Este ha sido un año difícil para Facebook. La red social más grande del mundo ha estado bajo intenso escrutinio a partir de que se reveló que Cambridge Analytica otuvo acceso a millones de perfiles para influir en las elecciones de Estados Unidos y, aparentemente, permitió la injerencia de Rusia. Zuckerberg tuvo que presentarse ante el Congreso y el Senado de Estados Unidos para responder numerosos cuestionamientos.

En respuesta a un clima enrarecido de serio cuestionamiento, Facebook ha hecho importantes cambios que al parecer podrían no ser muy rentables, aunque son indispensables para sanear su imagen pública. Entre ellos está una mayor transparencia, más privacidad y un giro más hacia lo social y menos hacia las noticias (la idea es ser, otra vez, más una red social y menos un medio).

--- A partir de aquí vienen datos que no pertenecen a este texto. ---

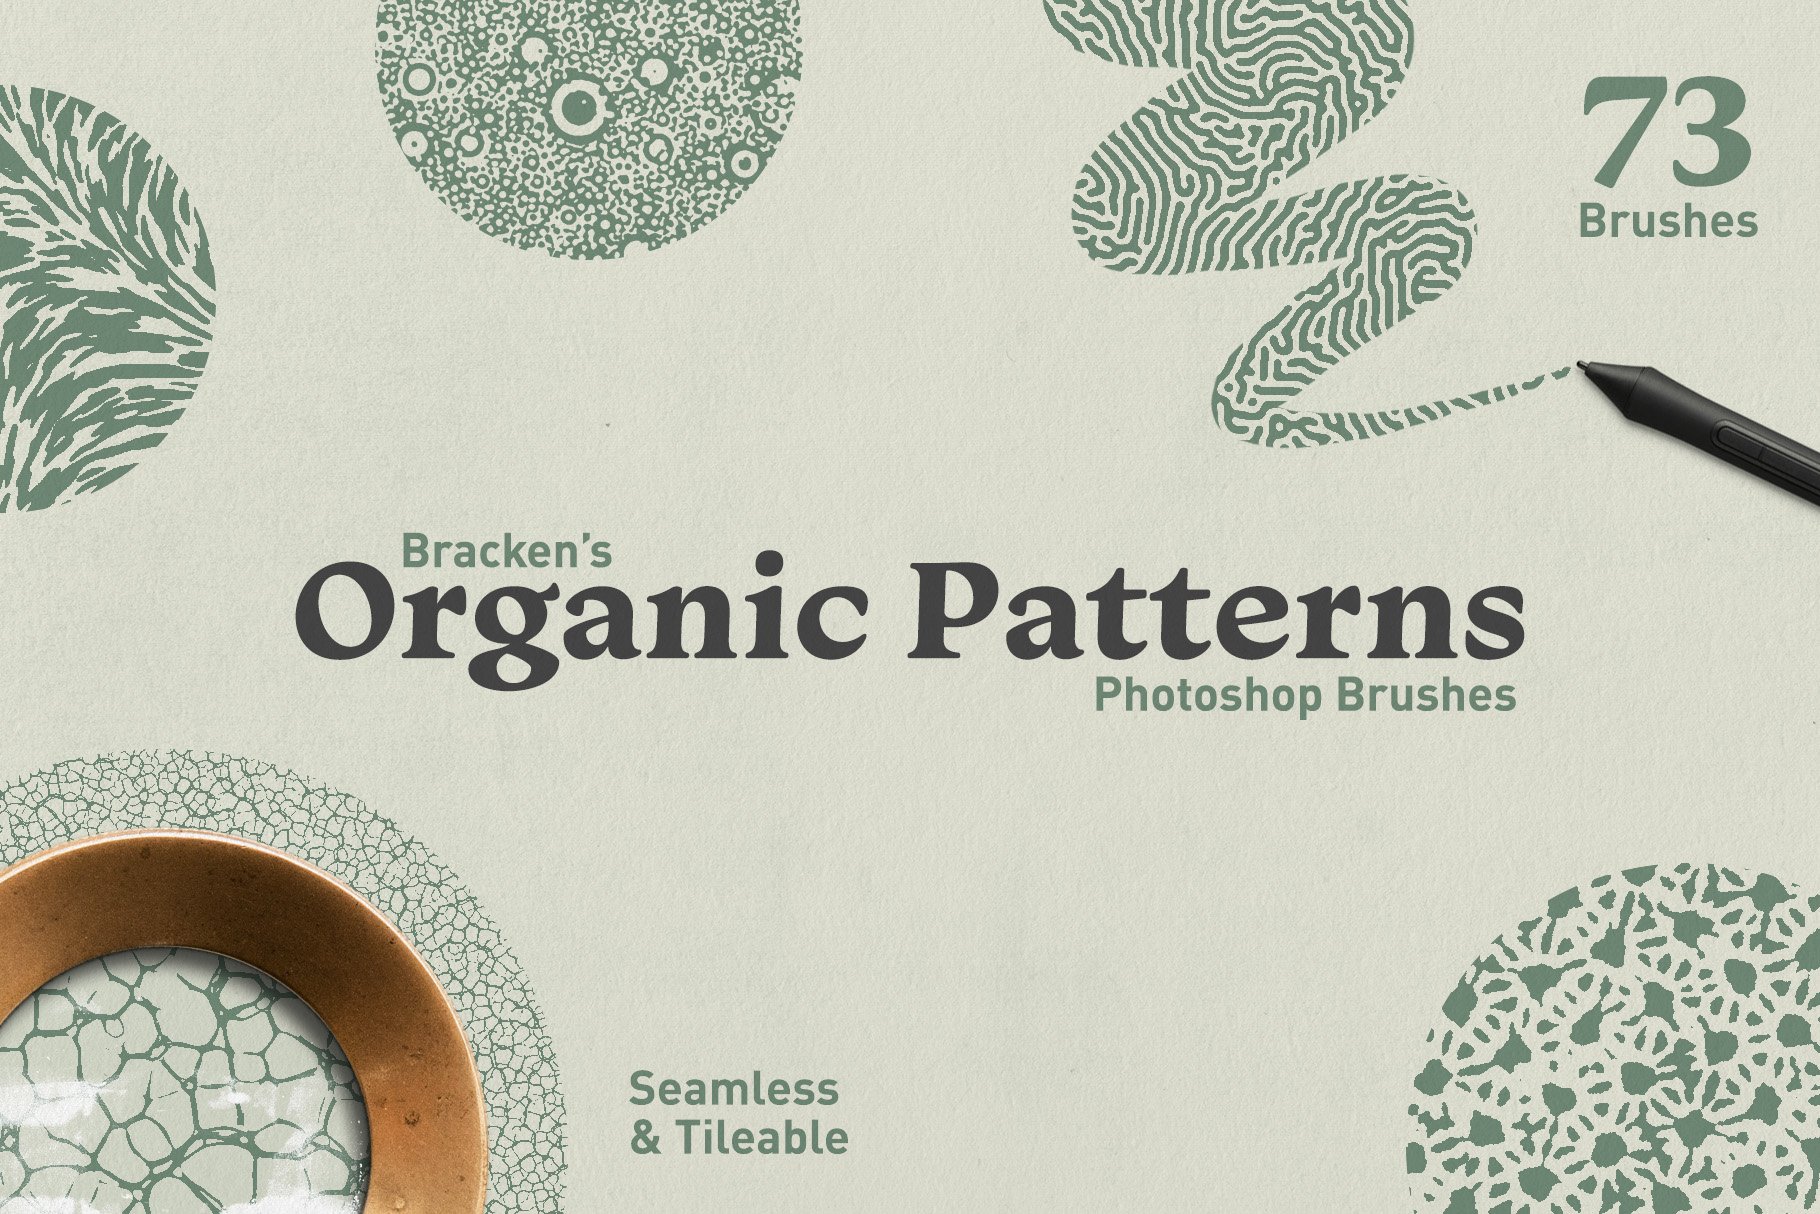 Organic Patterns - Photoshop Brushescover image.
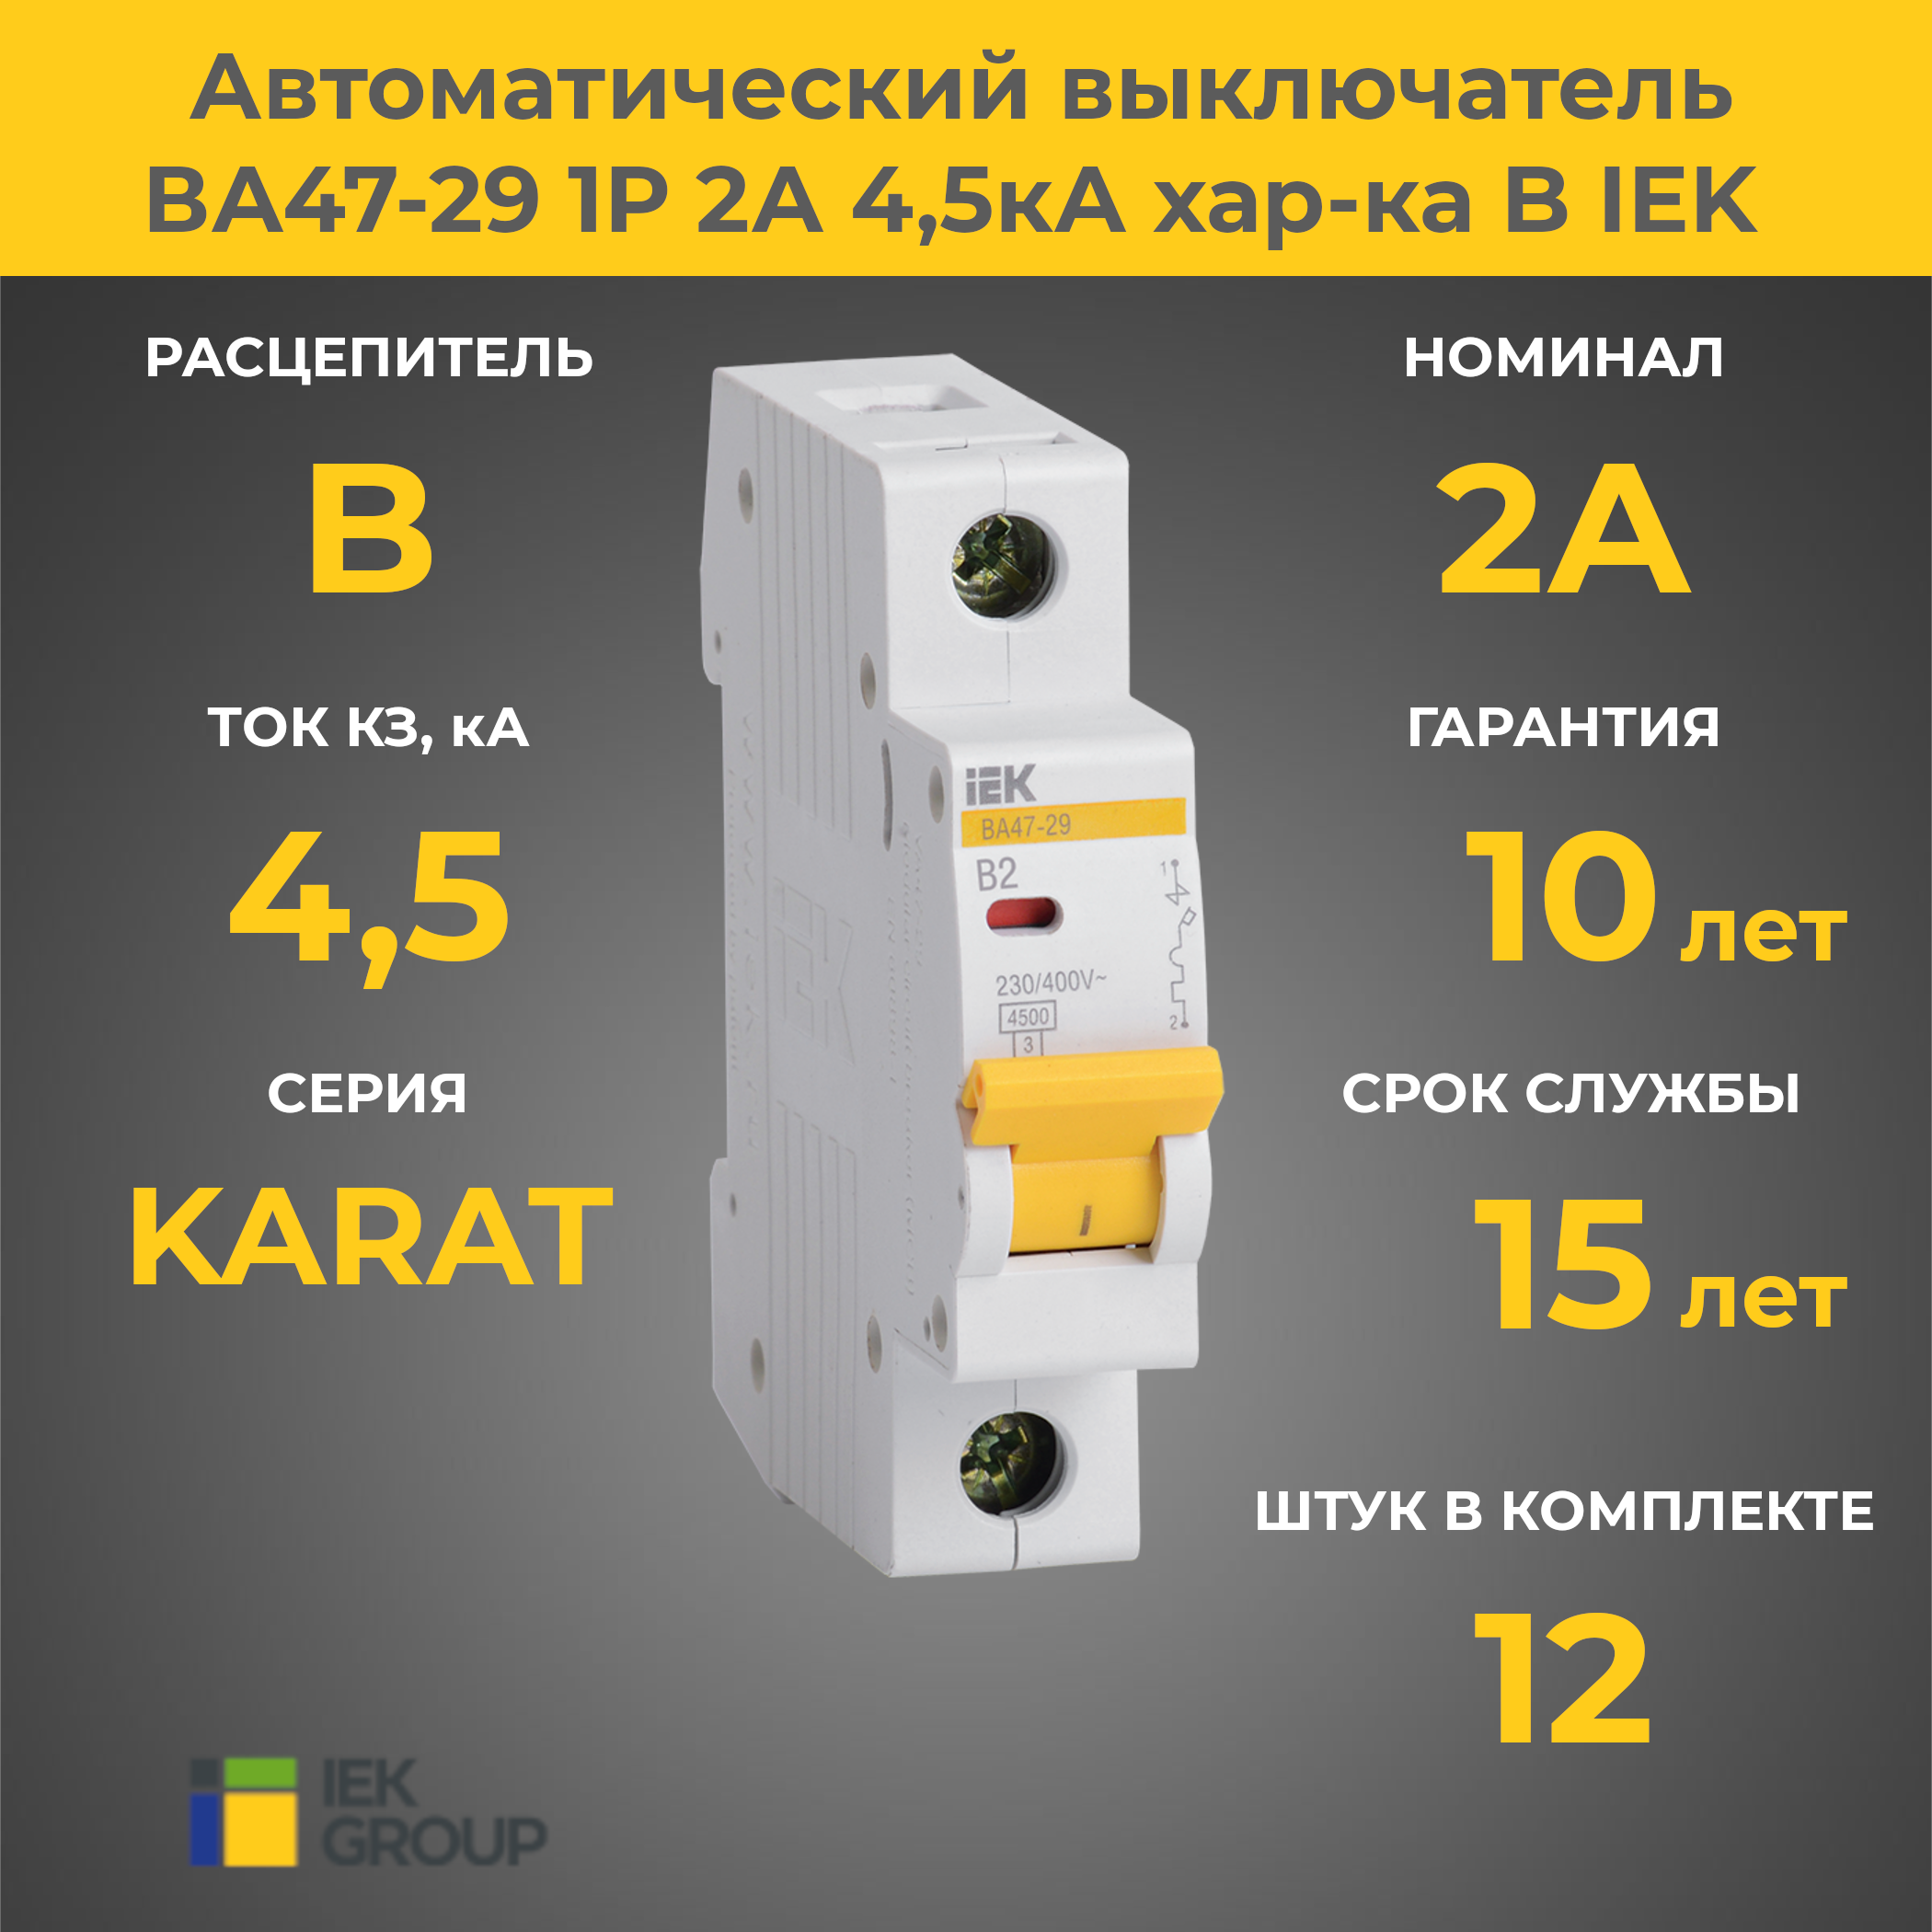 Автоматический выключатель ВА47-29 1P 2A 4,5 kA, хар-ка B, IEK, 12 шт

Ante esta situación, los ingresos de Facebook se vieron afectados. Si bien la compañía reportó ganancias de 13.2 mil millones de dólares, esto fue mucho menos de lo que se esperaba en Wall Street, lo cual colocó en un estado de volatilidad sus acciones, que pasaron de 217 dólares por acción hasta 176 dólares en un solo día. La pérdida es realmente monumental -cerca de 120 mil millones de dólares-, no sólo porque alcanzó el 20% del total, sino por el valor total de la empresa, por lo cual podría ser la caída de valor más grande de la historia, comparada al producto interno bruto de varios países. 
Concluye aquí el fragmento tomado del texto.